Desde mi ventana, las hojas de la vid poseen una extraña belleza. “Extraña” porque me parece raro que las cosas sean bellas —después de la prolongada oscuridad de introspección, miedo y vergüenza en que he estado viviendo—, que al margen de nuestras catástrofes conserven la precisión casual, la fácil abundancia de “efecto” inventivo, carácter y especificidad de la Naturaleza. Esta mañana distingo con nitidez que la Naturaleza se puede definir como lo que existe sin culpa. Nuestros cuerpos están en la Naturaleza; nuestros zapatos, sus agujetas, sus pequeñas puntas de plástico; todo lo que se halla a nuestro alrededor, en nuestro entorno, existe en la Naturaleza; sin embargo, algo nos aparta de ella, del mismo modo en que un brote de agua nos impide tocar el fondo arenoso, acanalado y resplandeciente, con fragmentos de media luna de conchas de ostras, tan claros a nuestros ojos.
Un grajo azul se posa en una rama afuera de mi ventana. De momento firme, se detiene a horcajadas, su rabo sucio hacia mí, su cabeza vigilante congelada en una silueta, la curva predatoria del pico impresa en un cielo casi blanco sobre el pantano brumoso y atezado. ¿Lo ves? Yo sí y, captando rápidamente el hilo de mis pensamientos, he atravesado el cristal, lo he atrapado y estampado en esta página. Ahora se ha ido. Y sin embargo, ahí, unas cuantas líneas arriba, aún se encuentra “a horcajadas”, su rabo “sucio”, su cabeza vigilante “congelada”. Un truco curioso, tal vez inútil, pero mío.

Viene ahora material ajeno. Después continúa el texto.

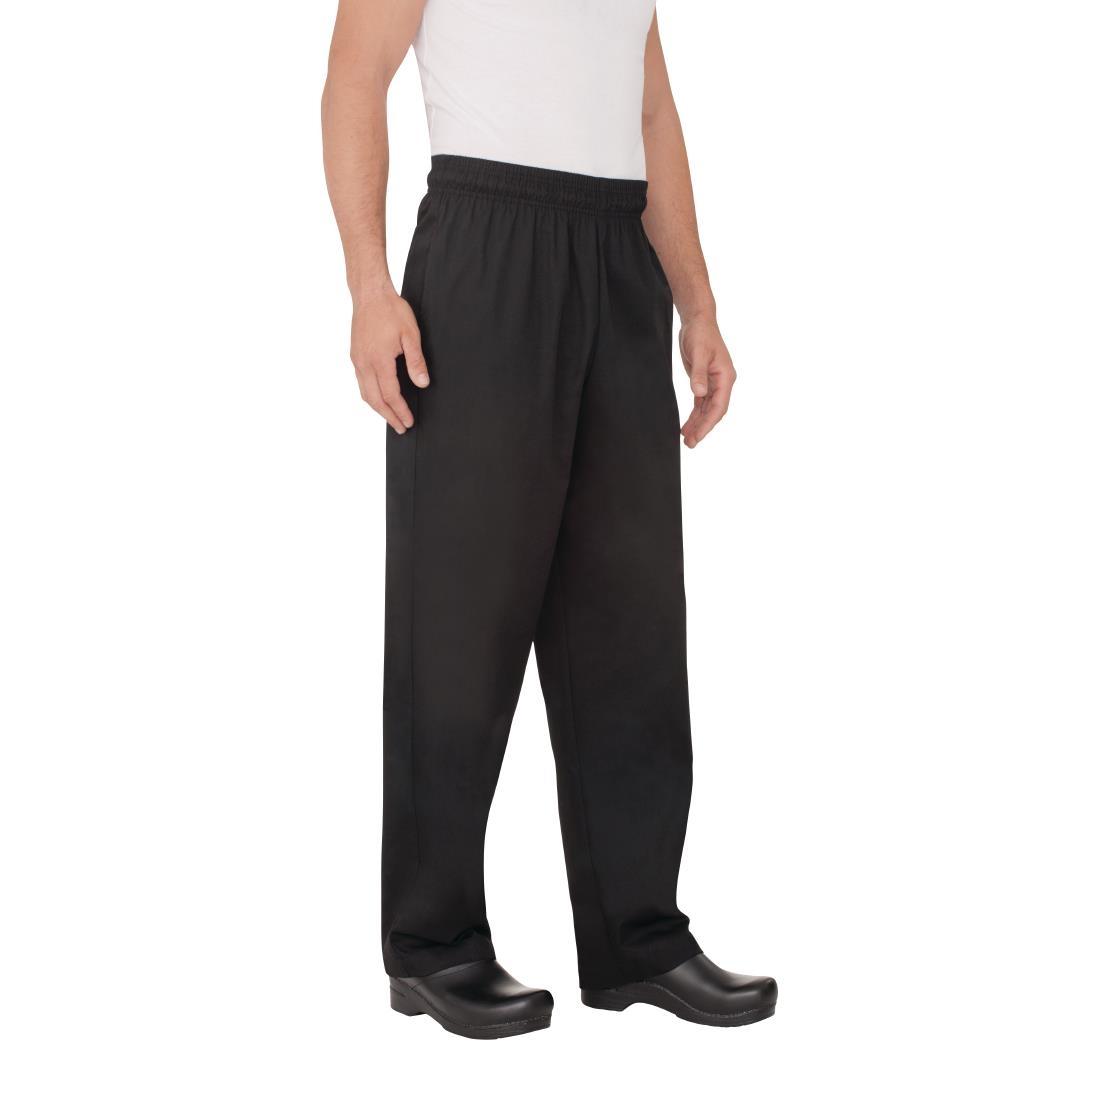 Chef Works Essential Baggy Trousers Black 7XL - A029-7XL  - 4

Las hojas de la vid, justo donde están —no en la sombra de cada una— son doradas. Hojas lisas que toman el sol directamente y convierten la luz absoluta, suma del espectro y fuente de toda vida, en el crayón amarillo con el cual los niños la evocan. Aquí y allá, lo seco transforma este resplandor ajeno en un naranja brillante; y el verde de las tiernas hojas quietas -porque si observamos, el verde persiste ya muy entrado el otoño- filtra de la luz solar un chartreuse finamente nervado. Las sombras de unas hojas sobre otras —si bien errantes y nerviosas con el viento que emite al barrerlas sonidos afables que se escabullen por el techo— son muy variadas y definidas; contienen innumerables insinuaciones salvajes de cimitarras, lanzas afiladas, púas y cascos amenazantes. No obstante, el efecto neto está libre de amago. Por el contrario, su intrincada sugerencia simultánea de refugio y de llaneza, calor y brisa, me invita al exterior; mis ojos se aventuran a las hojas que se encuentran más allá. Estoy rodeado de hojas. Las del roble, garras tenaces de moho púrpura; las del olmo, escasas plumas de un amarillo femenino, las del zumaque, un rubor dentado y salvaje. Me mantengo erguido en un sereno y ardiente universo de hojas. Sin embargo, algo me arroja hacia atrás, me devuelve a esa oscuridad interna donde la culpa es el sol.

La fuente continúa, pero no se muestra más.